By Rebecca Bricker
October 15, 1984 12:00 PM

Ever since ABC’s The Hardy Boys Mysteries went off the air in 1979, Parker Stevenson has been trying to shake Frank Hardy’s squeaky-clean image. With his debut on CBS’ Falcon Crest next week, Parker thinks he has finally succeeded. “I play a blackmailing, coke-dealing mugger and rapist,” exults Stevenson. “I get to look scruffy. I’m unshaven and my hair is greasy.” But Parker, whose contract expires at the end of the season, may not get to revel in villainy for long. He laments, “I think the producers are either going to bump off my character or redeem him.”

When Lisa (An Officer and a Gentleman) Eilbacher starts shooting an ABC mid-season replacement series called Me and Mom next month, the production will be a family affair. Lisa recently became engaged to the show’s cinematographer, Bradford May. They haven’t set a date yet, but don’t go away. Lisa may persuade the producer to write their wedding into the script. She already wangled a walk-on for her German shepherd puppy, Turk….

Shannon Tweed, the former Falcon Crest actress, whose romantic conquests have included Hugh Hefner, Bob Evans and Gregory Harrison, has a brand new catch: Kiss’ rocker-turned-actor, Gene Simmons.
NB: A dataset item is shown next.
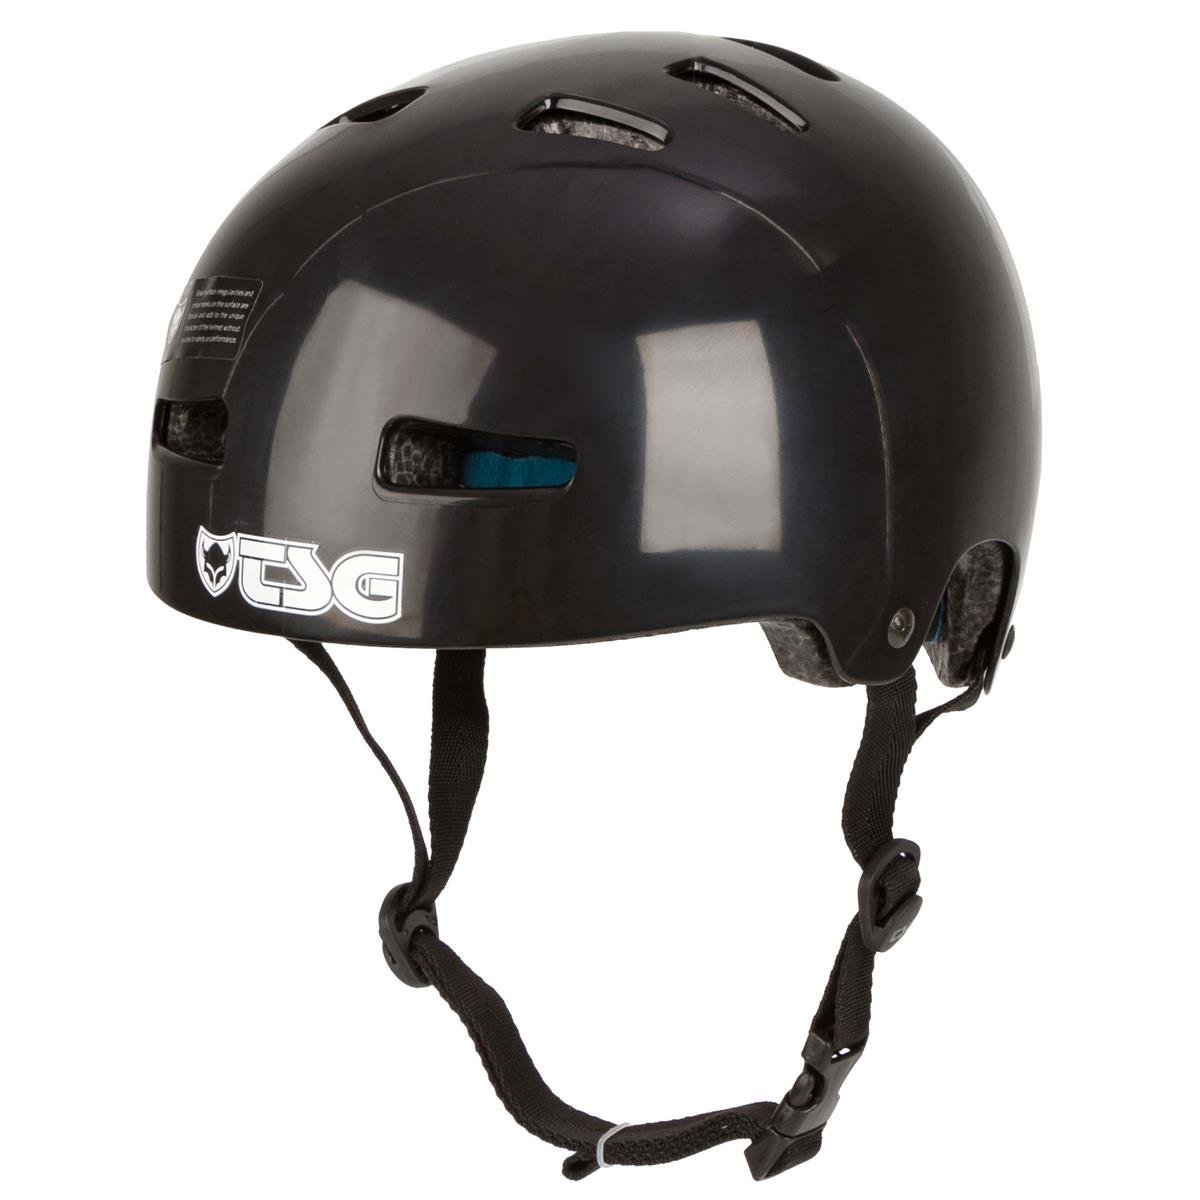 TSG Bimbo Casco BMX/Dirt Evolution Youth Injected Color - Injected Nero

They met just weeks ago in L.A., and Shannon already calls Gene’s Manhattan apartment home. Says Tweed of her new roomie: “When you get to know him, he’s probably one of the most intelligent, caring, considerate men, not to mention the sexiest man alive. He oozes sex.” So much for Hugh, Bob and Greg.

The next music-video fad that’s likely to rock the U.S. is already the rage in “karaoke” bars in Japan. Karaoke means “empty orchestra,” but in music-video lingo, it’s the name of a new sing-along video jukebox, which will be available in this country later this month. The videos, shown on a big screen, typically feature unknown talent who act out stories to instrumental versions of rock and pop tunes. A microphone is hooked up to the jukebox and the lyrics are spelled out at the bottom of the screen so that barstool crooners can join in. Picture Music International, a division of EMI, has already made 20 such videos and is gearing up to make another 100 for worldwide distribution. Two will be directed by Craig Zadan, co-producer of Footloose, to the music of Desperado and Don’t Be Cruel, which Linda Ronstadt and Elvis Presley, respectively, made famous.
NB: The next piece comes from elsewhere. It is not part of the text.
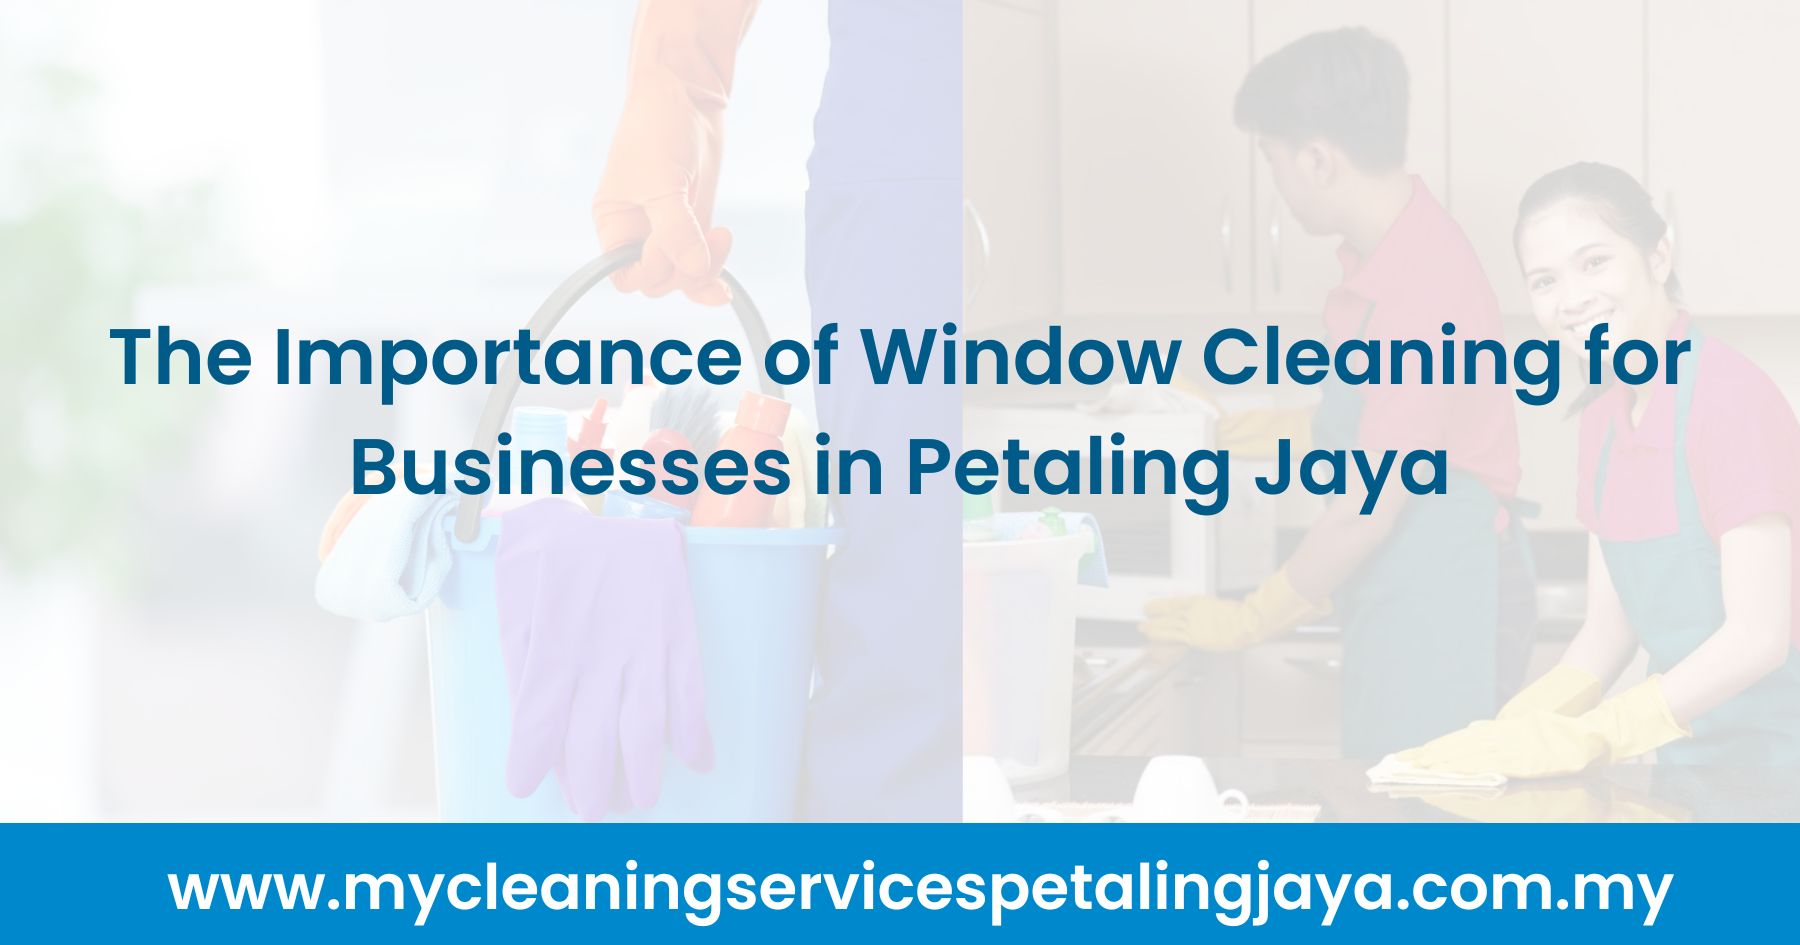 The Importance of Window Cleaning for Businesses in Petaling Jaya

A “communiqué” recently went out to members of L.A.’s hoity-toity Touch Club, asking them to leave their personal bodyguards at the front door. “I run a private club with a nice clientele,” says Touch’s owner John Dante. “But some of the members have been trying to out-bodyguard each other. One brings in three guards, another brings in four. These security guys stand like oak trees on the dance floor. They look menacing and they take up room.” Dante contends the club spends $1,000 a week on security measures “to assure our members privacy and protection from unwanted or dangerous intruders.” For those untouchable Touchies who are particularly insecure, Dante will allow bodyguards in the club’s front bar and small dining room only. The Touch dancing area is strictly off limits for watchdogs.
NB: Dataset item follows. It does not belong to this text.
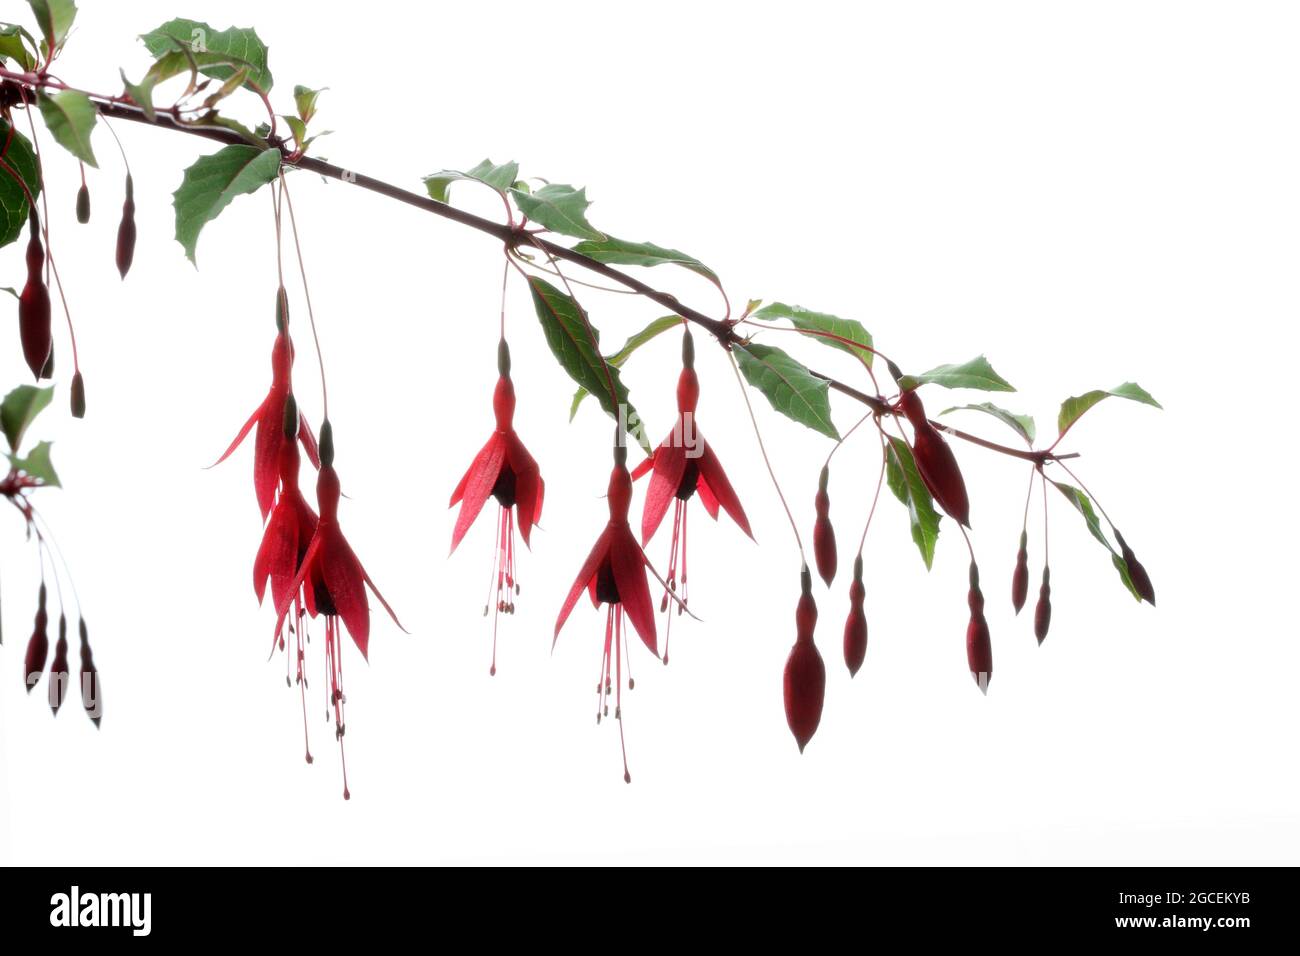 Flowering fuschia shrub with red and purple pendulous open flowers photographed against a white background Stock Photo

Move over, Jim Palmer. Here’s a preview of how Joe Namath will look showing off his own line of low-slung, high fashion skivvies, due out next month. In 10 styles, the briefs (made by Nantucket Industries) will retail from $4.50 to $7 a pair and every package will contain a signed beefcake photo of Joe in his undies. For female fans, a pinup poster will be available, and, coming up, another line called “Joe Namath For Her.”